Garvey is pushing for equitable remuneration in which streams are split 50/50 between labels and groups, meaning a percentage goes directly to the people who made the recording. He called it “reliable income that’s nothing to do with the labels or to do with the streaming platform – it’s a right”.

Equitable remuneration already applies to broadcast usage in the UK, and Garvey and others who gave evidence – including the founder of the #BrokenRecord campaign, Gomez’s Tom Gray – want it to be extended to cover streaming.

Garvey is confident a new consensus can be reached between labels, artists and consumers, and sees the current moment as an opportunity to make music more sustainable for artists.

He said: “What we need to do is talk to everybody that has set up this incredible way of listening to music … because this is an opportunity to make things fair that frankly haven’t been for a good 100 years.”

Elbow formed in the 90s and rose to prominence with their debut album, 2001’s Asleep in the Back, which was shortlisted for the Mercury prize. Garvey praised the record labels he has worked with and said they had been able to nurture the band and take them from playing in pubs to becoming a huge live draw and a critically lauded group.

He said: “It’s about connecting music with its audience and Elbow had so much help from record labels in doing that. They know what they’re there to do and they’re proud of it.
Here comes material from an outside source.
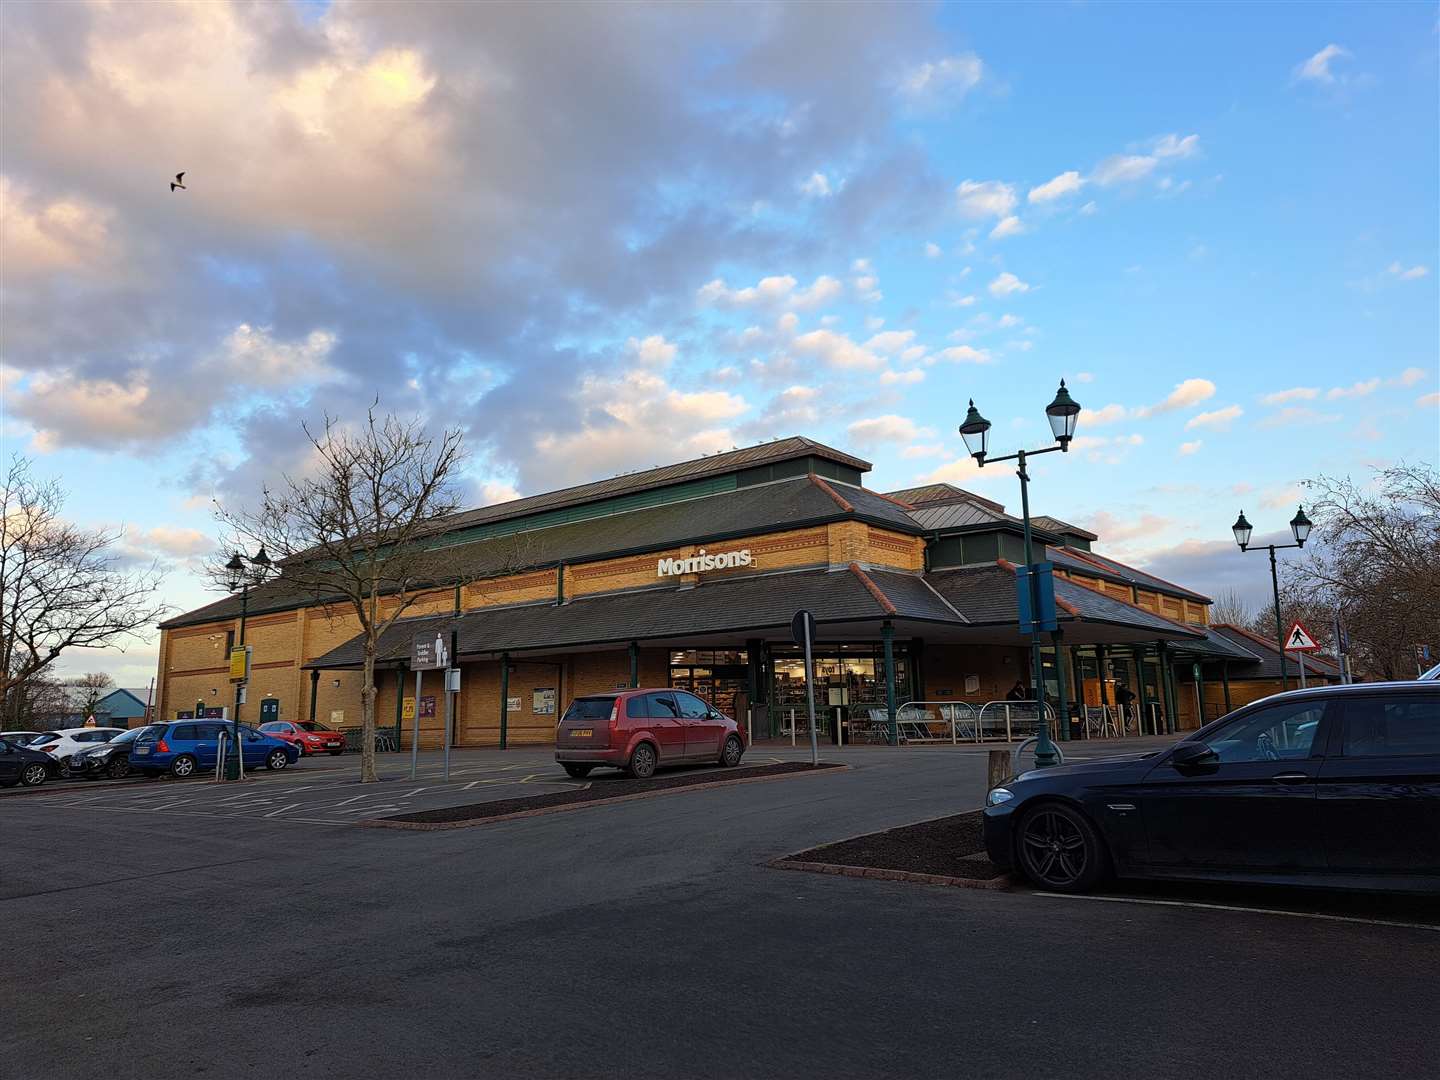 Faversham Morrisons has installed an ANPR system without planning permission and is now seeking retrospective permission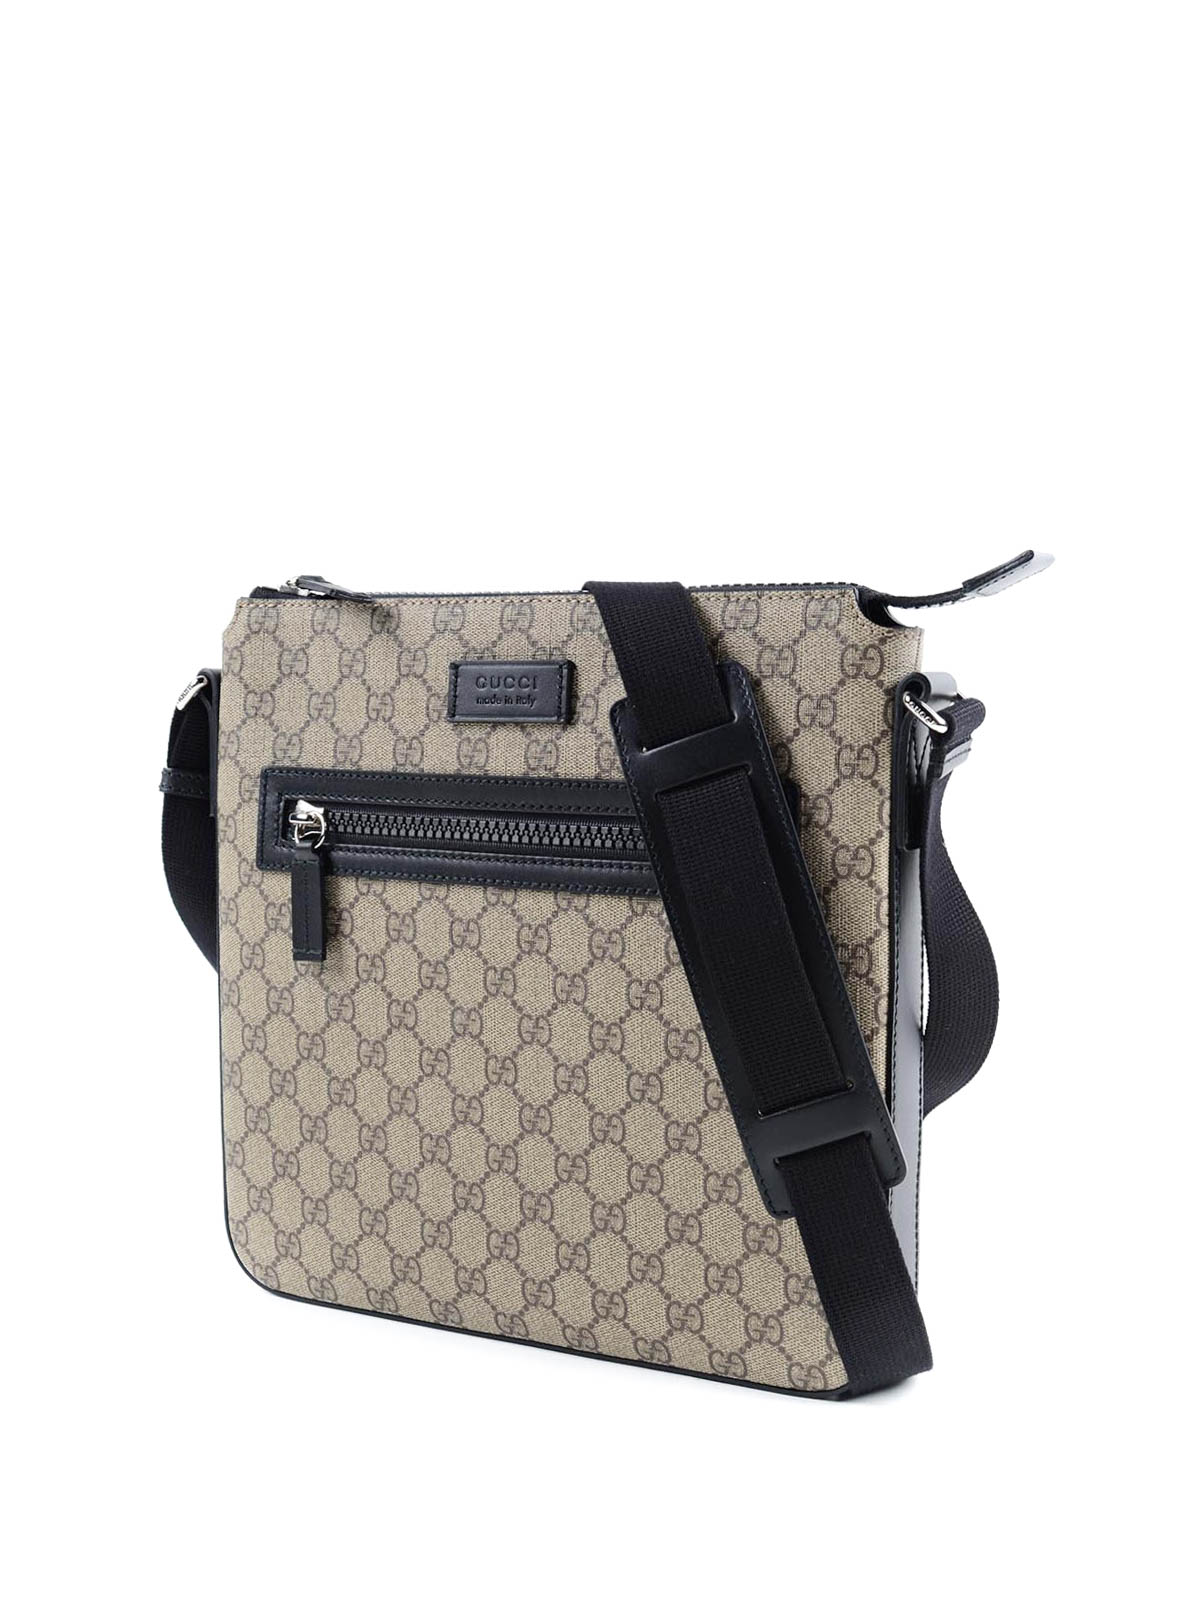 GG Supreme crossbody by Gucci - cross body bags | Shop online at 0

It’s just we’ve dropped the ball between us.”

Garvey said the revelatory moment for many during the evidence was when MPs heard that even though they might only listen to one or two albums on a streaming site, their subscription fee would mostly go to bigger artists.

“People don’t realise that their artists don’t get their cash and that needs fixing,” he said. “I think it will be fixed and it will be the labels and the artists and a bit of government, and it will also be the streaming platforms, and it will be the consumers that fix it.”

Garvey said that as Brexit looms he thought there should be an artistic passport for British and European artists so that tours are not lumbered with additional costs for visas. “There is no such thing as an MP who wants to be seen as not liking music,” he said.

“Everyone needs to get organised, that’s all. So we’ll have to come up with some kind of artistic passport that doesn’t involve too much red tape or any money. And that has to happen pretty fast, and has to last until we rejoin Europe.”